Hip-Dominant Movement: Deadlifts or Hip Thrusts
The hip-dominant movement trains the entire backside of the body (lower back, glutes, hamstrings), which is crucial for posture and bone health. In deadlifts (with barbells or dumbbells), you move your hips and glutes back while keeping your back neutral. “As a woman, you should train to lift your own body weight in deadlifts,” says Andreas Heumann.
Pulling: Pull-up
Targeted training of the pulling muscles (back and biceps) is important to balance muscular imbalances and promote an upright posture. Pull-ups are very effective. For beginners, lat pull-down machines or rowing exercises at the gym are suitable. “All my clients must be able to do at least one pull-up by the end of our training,” says Andreas Heumann. The excuse “too old” doesn’t apply here. “I’ve had clients who learned pull-ups even at 60 years old,” says the sports scientist.

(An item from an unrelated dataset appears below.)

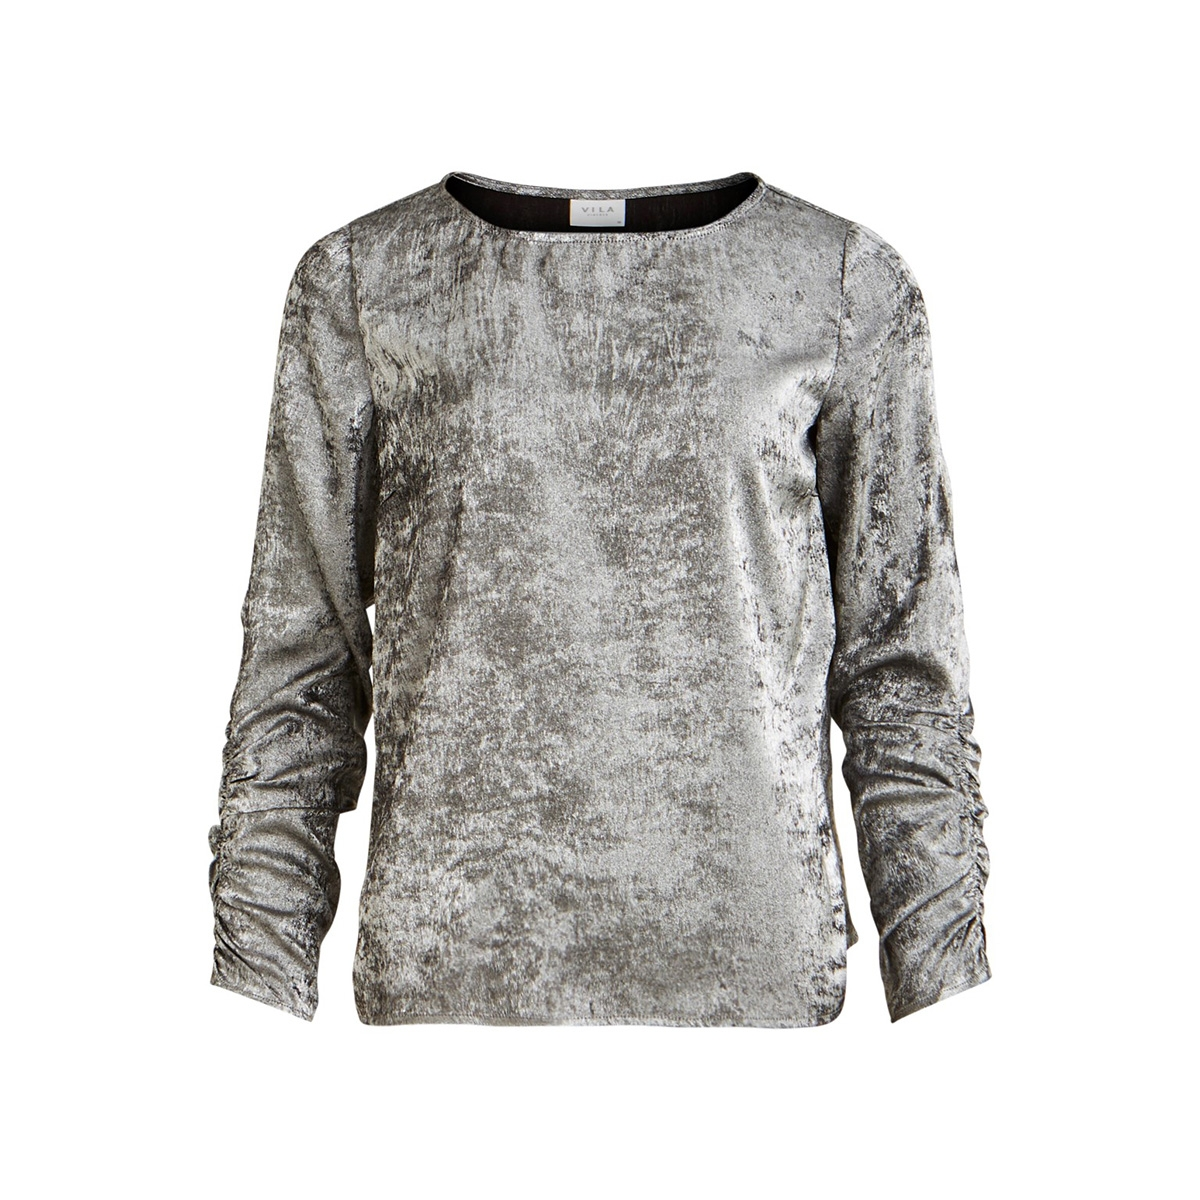 viopal l/s top 14056767 vila t-shirt silver

Squat Movement: e.g., Back Squat
The squat is the most functional exercise for the lower body. It trains the legs and glutes and improves mobility. Whether with a barbell (back squat) or with your own body weight: Pay attention to clean technique, where the knees point over the feet and the hips come below knee height.
Jumping as a Peak Load
Studies show that high peak loads strengthen bones and muscles.1 Occasionally raising your pulse–such as with jumping rope or jumping jacks–keeps you young and ensures a better metabolism. These short cardio peaks can be ideally incorporated at the end of training to specifically counteract bone loss (osteoporosis). Strong loads during strength training also help bones maintain and stabilize their structure.